ヒノキ「ルールで再現しようと思えば、魔動機術5レベルの【グレネード】を習得するのが早道じゃろう。実は真語魔法6レベルの【ファイヤーボール】よりも早く、しかも威力が高いという。魔動機術は低レベルだと地味じゃが、中レベルぐらいになると高火力の戦力として大いに期待できるのじゃ」

仮面「しかし、今はまだマギテック技能が2レベルしかないので、高火力範囲魔法を撃って建物を崩す作戦は不可能でござる。仕方なく、建物に入るとするか」

ヒノキ「2階へ通じる階段と、地下へ通じる階段があるのう」

仮面「迷わず地下へ。太陽に弱い敵は当然、地下に寝ぐらを持っている故に。こっそり、そっと侵入するでござるよ。できれば、暗殺者らしく奇襲攻撃を仕掛けたい。気分は必殺仕事人でござる」

ヒノキ「塾講師が思いの外に小者で、期待していた新兄さんががっかりしていたようじゃの」

仮面「同じ太郎としても、がっかりでござる。とにかく、隠密判定をしたいでござるが、目標値はいかほどでござろうか?」

ヒノキ「では16以上で、奇襲させてやろう。朝のこの時間は寝床でグーグーグーという設定じゃからな」

仮面「仕事人なら夜が定番でござるが、合点承知の必殺供養がキーワードのうらごろしでは太陽の加護ある朝が定番でござるよ。隠密の基準値は10なので、まず成功……はしなかった。ダイス目4だと?」

 

ゾンネンフェレス『貴様、何者だ?』

仮面「フッ、バレたなら仕方ない。我が名は人呼んで仮面レンジャー・ウィザード。骨しゃぶりゾンネンフェレス、お前には個人的に何の恨みもないが、これも仕事なのでな。おとなしく始末されるといい」

ゾンネンフェレス『面白い。しょせんは人族、我が神ブラザバスが寄越した餌ということだな。
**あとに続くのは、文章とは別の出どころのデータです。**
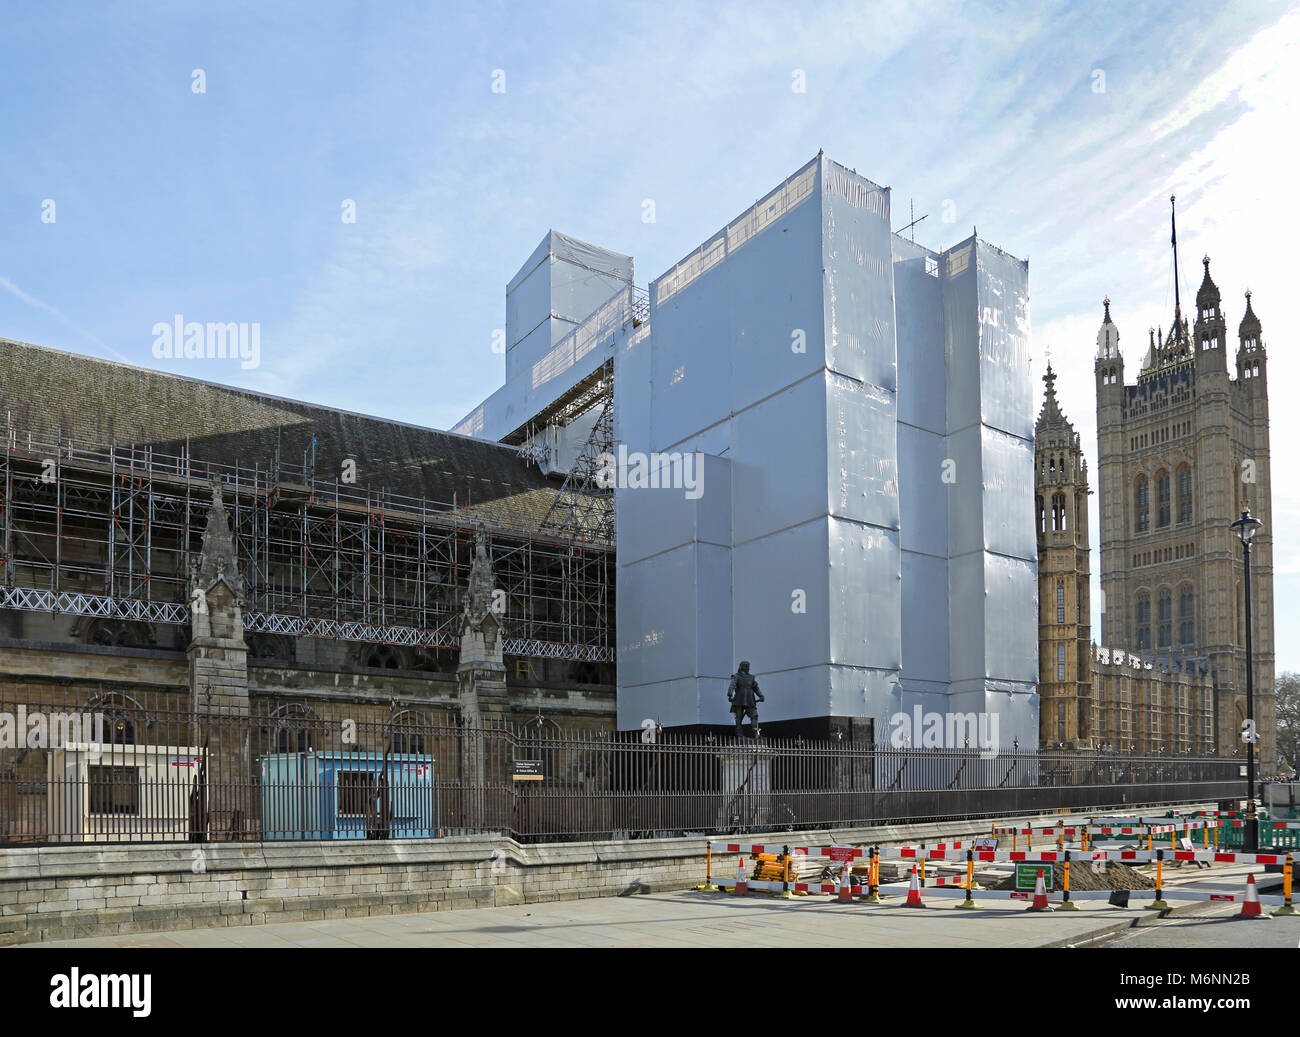 Scaffolding spans St Stephens Hall, part of the Palace of Westminster, and Houses of Parliament, London, UK. Part of the major renovation work 2018. Stock Photo

その肉は美味しくいただき、その骨はしゃぶるだけしゃぶって、その髑髏は神へと捧げてくれるわ』

仮面「聞くからに、野蛮なセリフでござるな。では先制判定13」

ヒノキ「こっちが先攻じゃ。ならば、まずは呪文で攻撃してやるとするか。最も嫌らしいものは……おお、これがいいのう。腐敗の女神ブラザバスが与えてくれる特殊神聖魔法【ロッツ】。相手に6点のダメージを与え、しかも持っているポーションや薬草を腐らせて、使えないようにする。ヒヒヒ、魔力14に対して抵抗するといい。失敗すれば、太郎の持つ回復アイテムは全てゴミと化すのじゃ」

仮面「何だと? それは勘弁願いたいでござる。精神抵抗は8。何とか、6以上を出さねば。(コロコロ)ホッ、9が出て成功でござるよ。ええい、恐ろしい腐敗神の使徒め。仕留めてやるでござる。これは、『使徒め』と『仕留め』を掛けたマッスルギャグで、或人でナイトでござった。補助動作で、マッスルベアーとガゼルフットと、ついでにビートルスキンと、それから神聖魔法が怖いのでカウンター・マジックと、ターゲットサイトを使ってMP12点使用。それからマッスルキックの2連発。16と19」

ヒノキ「どちらも命中じゃ」

仮面「ダメージは22点と、もう1発は……ピンゾロかよ」

ヒノキ「ならば17点だけくらって、残りHPは53点。2ラウンド目は、こちらも殴っておくか。名ありの敵じゃから、わらわがダイスを振ってもいいじゃろう。全力攻撃を宣言して、打撃点+4にしておいて、命中は(コロコロ)8が出たので17じゃ」

仮面「回避の基準値は12。ピッタリ5で避けた。ええい、反撃でござる」

ヒノキ「こちらは全力攻撃なので、回避が2点下がっておるのじゃ」

仮面「するとターゲットサイトは必要ないでござるな。命中は17と16」

ヒノキ「回避は5基準だから、出目3と7じゃどうしようもないのう。ダメージをおくれ」

仮面「19点と20点。そう言えば、エンチャントウエポンの宣言を忘れていたでござる」

ヒノキ「受けたダメージは14点と15点の合計29点。残りHPは24点か。次で終わりそうな計算じゃな。では、もう一度全力攻撃で命中は16」

仮面「22と言って、ヒラリと避ける。では、念のためにエンチャントウエポンも入れて、命中はやはり17と16」

ヒノキ「避けられんよ。とどめを刺していいぞ」

仮面「16点と18点」

ヒノキ「それはエンチャントした割に、低すぎないか?」

仮面「出目が3と4だからでござるよ」

ヒノキ「受けたダメージは、11と13だから、おお、ピッタリ24じゃ。何とか撃退に成功したようじゃの」

 

 こうして、仮面レンジャーは無事に「骨しゃぶりゾンネンフェレス」を撃退することができた。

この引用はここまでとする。